José Hernández: LSE with a slight ILE accent

"People often say I became an astronaut despite being from a family of migrant farmworkers. I correct them: it’s not despite, it’s because."

"I want to be like that guy. I want to be an astronaut."

This last sentence, spoken to himself by a ten-year-old migrant farmworker's son watching the Apollo 17 moonwalk on a black-and-white TV in 1972, is the diagnostic ILE-accent moment in an otherwise cleanly LSE life. The LSE base accounts for the disciplined work ethic, the applied-engineering career delivering practical welfare benefits, the family and civic life, and the steady character that did not give up after rejection.

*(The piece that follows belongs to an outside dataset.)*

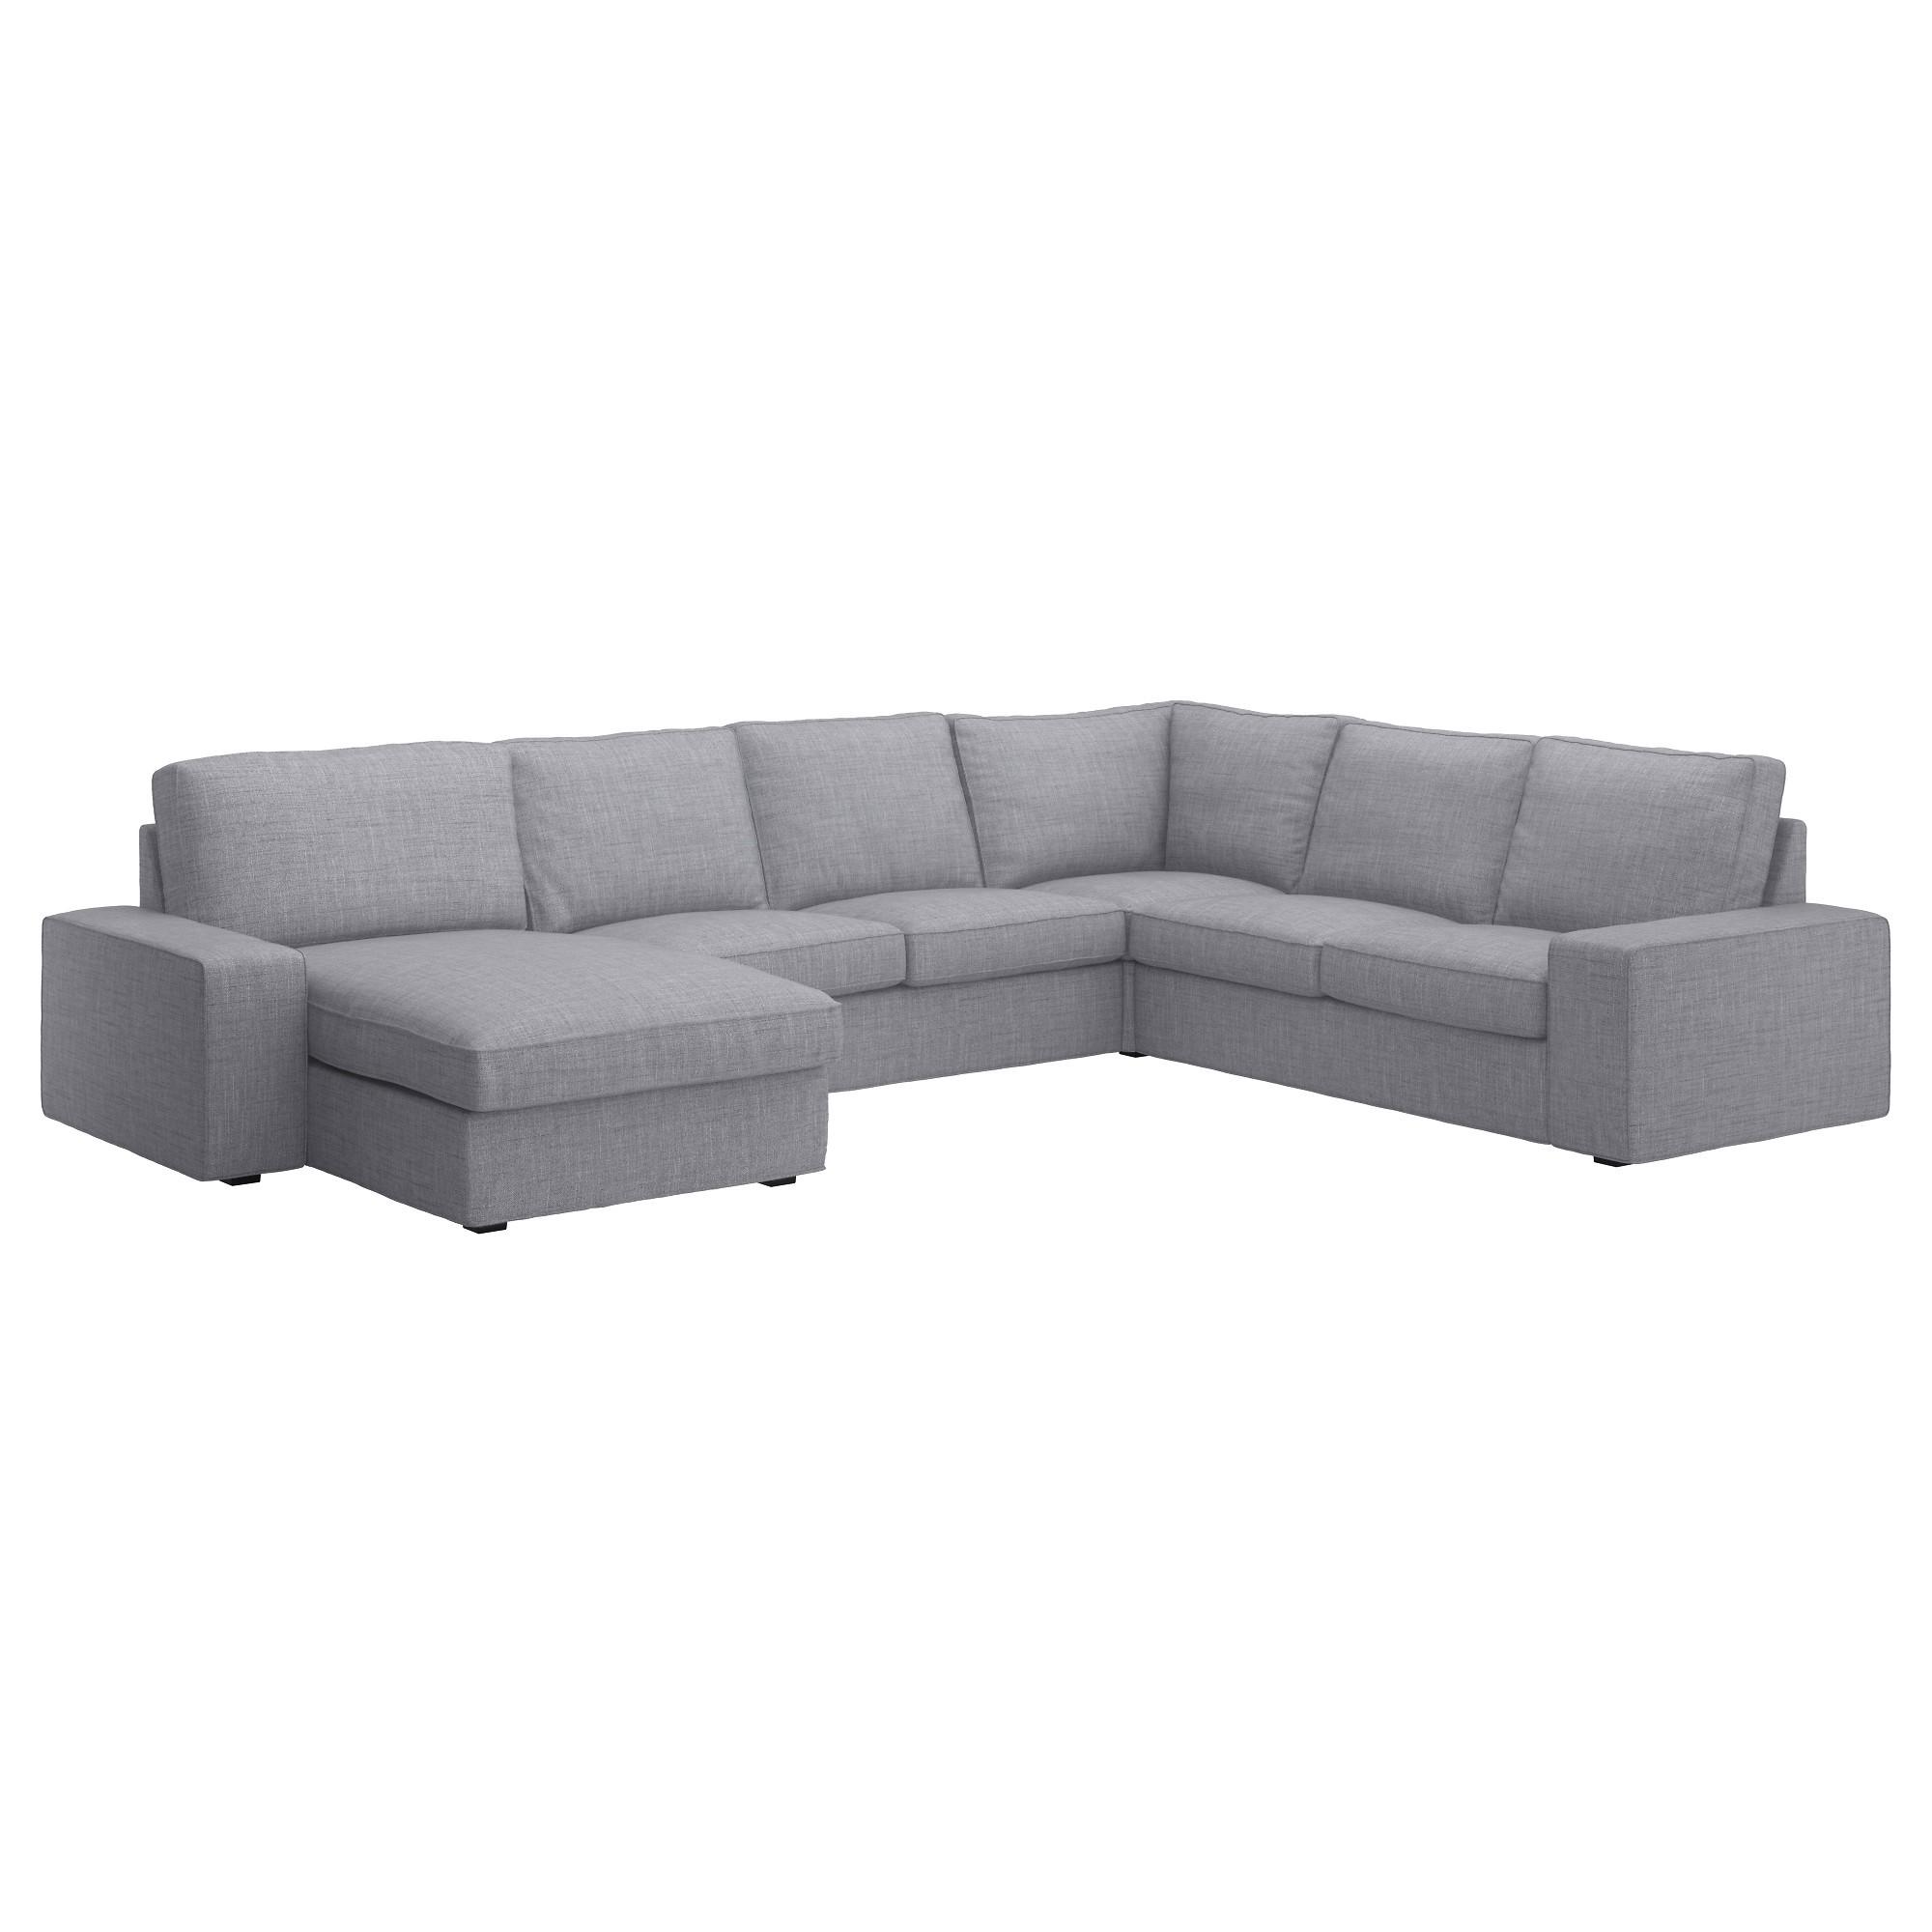 Canapé D'angle Modulable Ikea

The ILE accent accounts for the sudden visionary aspiration in the first place.

Hernández' father had a third-grade education. The family spent nine months of the year on what he calls "the California circuit" — Mexico in winter, southern California in spring, working their way north through the fields. He and his three siblings worked alongside their parents. He did not learn English until he was twelve. His teacher, noticing his bright mind, persuaded his parents to settle in Stockton.

The Apollo 17 moment came when he was ten, in the middle of this circuit. He watched Eugene Cernan walk on the moon, occasionally running outside to look at the actual full moon, and then back to look at the TV. It was then and there that he would become an astronaut. He told his father that night. His father, instead of dismissing the absurd ambition, replied:

"I think you can do it, m'ijo. But if you really want to do this, you need to follow my recipe for success."

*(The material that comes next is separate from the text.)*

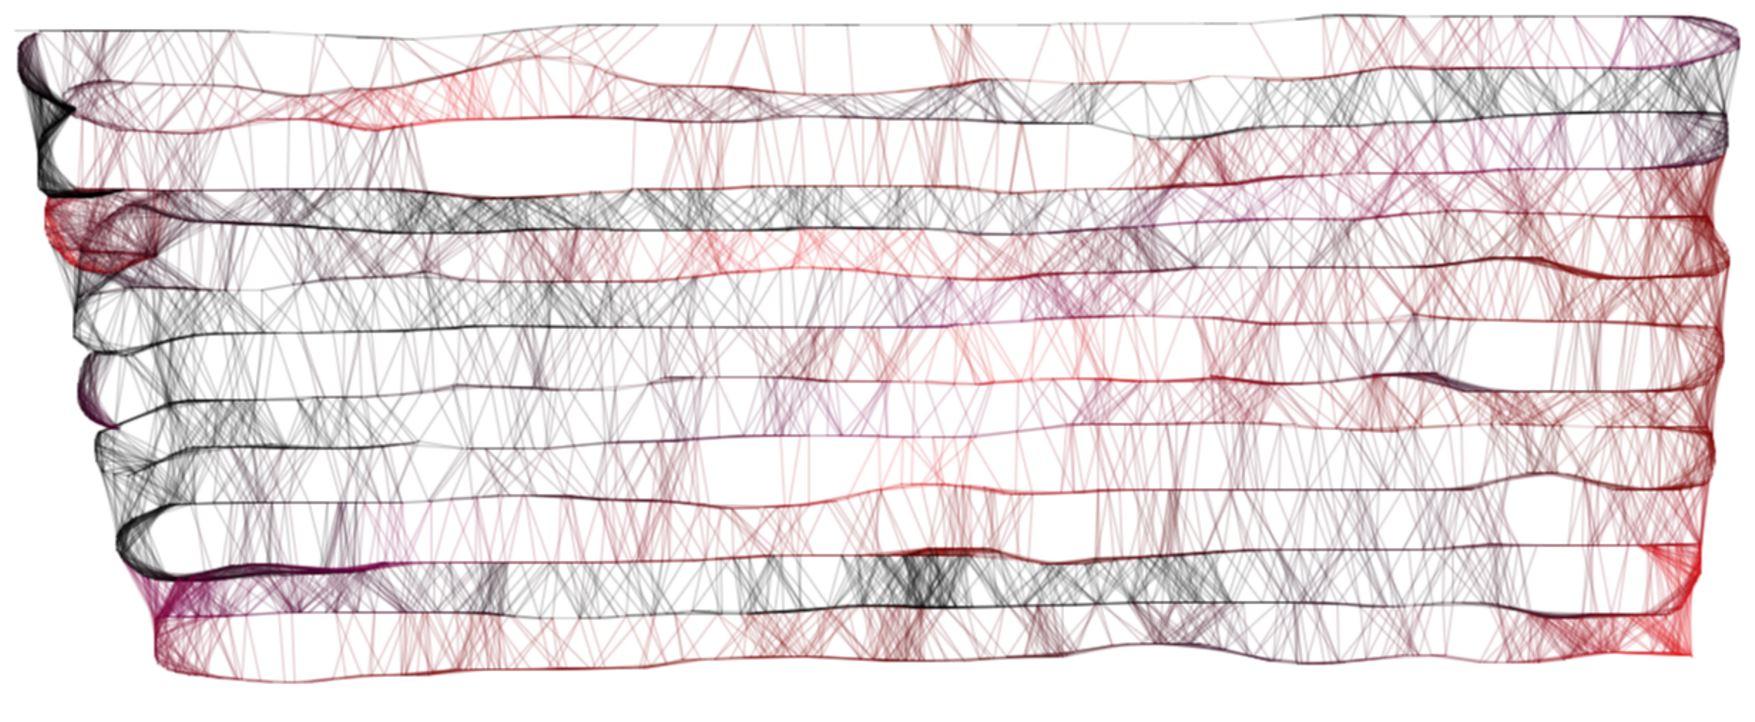 string theory basket case.JPG

A "pure" LSE child watching the Apollo 17 broadcast in 1972 would more likely have thought something more practical, like "that's impressive work" or "I should study hard so I can have a good career". Hernández took the visionary leap: I will be that. The leap does suggest a certain Ne accent in him beyond the usual LSE standard, a capacity for imaginative identification across the gap of evident impossibility. Later, in a National Geographic interview, he described it as "a spiritual pull". 

Young Jose Hernández

His father's recipe, which Hernández has retold in nearly every public speech he has given for twenty years, is the following five steps, with Hernández himself eventually adding a sixth:

Define your goal.

Recognize how far you are from it.

Draw a roadmap to get there.

Prepare and educate yourself for the challenge.

Develop a work ethic second to none — always give more than expected.

(Hernández's addition) Persist.

The content here is about preparation and work ethic rather than LIE-ish strategic positioning and opportunity recognition. The fact that it came from a third-grade-educated migrant farmworker father who never imagined NASA is consistent with this: LSE wisdom is the kind of practical-disciplinary wisdom that travels well across class, taught through example and proverb rather than through formal management literature.

The LSE base shows itself in how Hernández actually followed this advice. After studying electrical engineering in college, he went to work at Lawrence Livermore National Laboratory projects that were both interesting from a technical point of view and useful practically. One of the most important things he did there was help create the first full-field digital mammography system for finding breast cancer early. This is quite LSE-style engineering: methodical applied technical work delivering measurable welfare benefits through patient sustained labor. It's not by accident that LSE is the most "caretaking" of all logical types.

Hernández applied to NASA's astronaut program eleven times across approximately fifteen years and was rejected each time, showing the LSE "Workaholic No. 1" and "apply more efforts in the same direction" traits. On the twelfth application in 2004, when he was 41 years old, NASA accepted him into the 19th astronaut class.

He served as a specialist on STS-128 aboard Space Shuttle Discovery in August 2009, a fourteen-day mission to the International Space Station transferring seven tons of equipment and supplies. The role involved operating the robotic arm and supporting the cargo transfer — technical work requiring ability to see immediate dangers right away, and disciplined execution under demanding conditions with no room for error. This is the type strength, and Hernández executed the mission cleanly. The distinctive personal touch was that he became the first astronaut to tweet from space in Spanish.

"Imposter syndrome happens at all levels. When that happens, take a safety time out. Focus on your past accomplishments. Convince yourself that you belong. Throw that imposter syndrome out the window and believe in yourself."

The post-NASA trajectory shows the LSE base extending into multiple domains with the ILE accent supplying the willingness to engage heterogeneous projects. He ran for Congress in California's 10th district in 2012 (Democratic candidate, narrowly defeated), founded a winery where he is personally invoved with winemaking rather than just being a passive investor. "When I retired and came back to California, I wanted to get back on a tractor", he explained. He has five children.

"It doesn't matter where you start, it's where you end up."

This line of his is recognizably LSE wisdom — the outcome is a result of sustained work. He certainly has earned the right to say it. The ILE accent gave him a goal sufficiently improbable to require thirty-one years of methodical preparation in the first place. In general, having both strongvalued Te and strongvalued Ne is a relatively rare case (the benefit ILE-LSE pair is usually quite distant in its members' place on the N-S dichotomy), but, as I have seen when writing this description, quite an attractive one.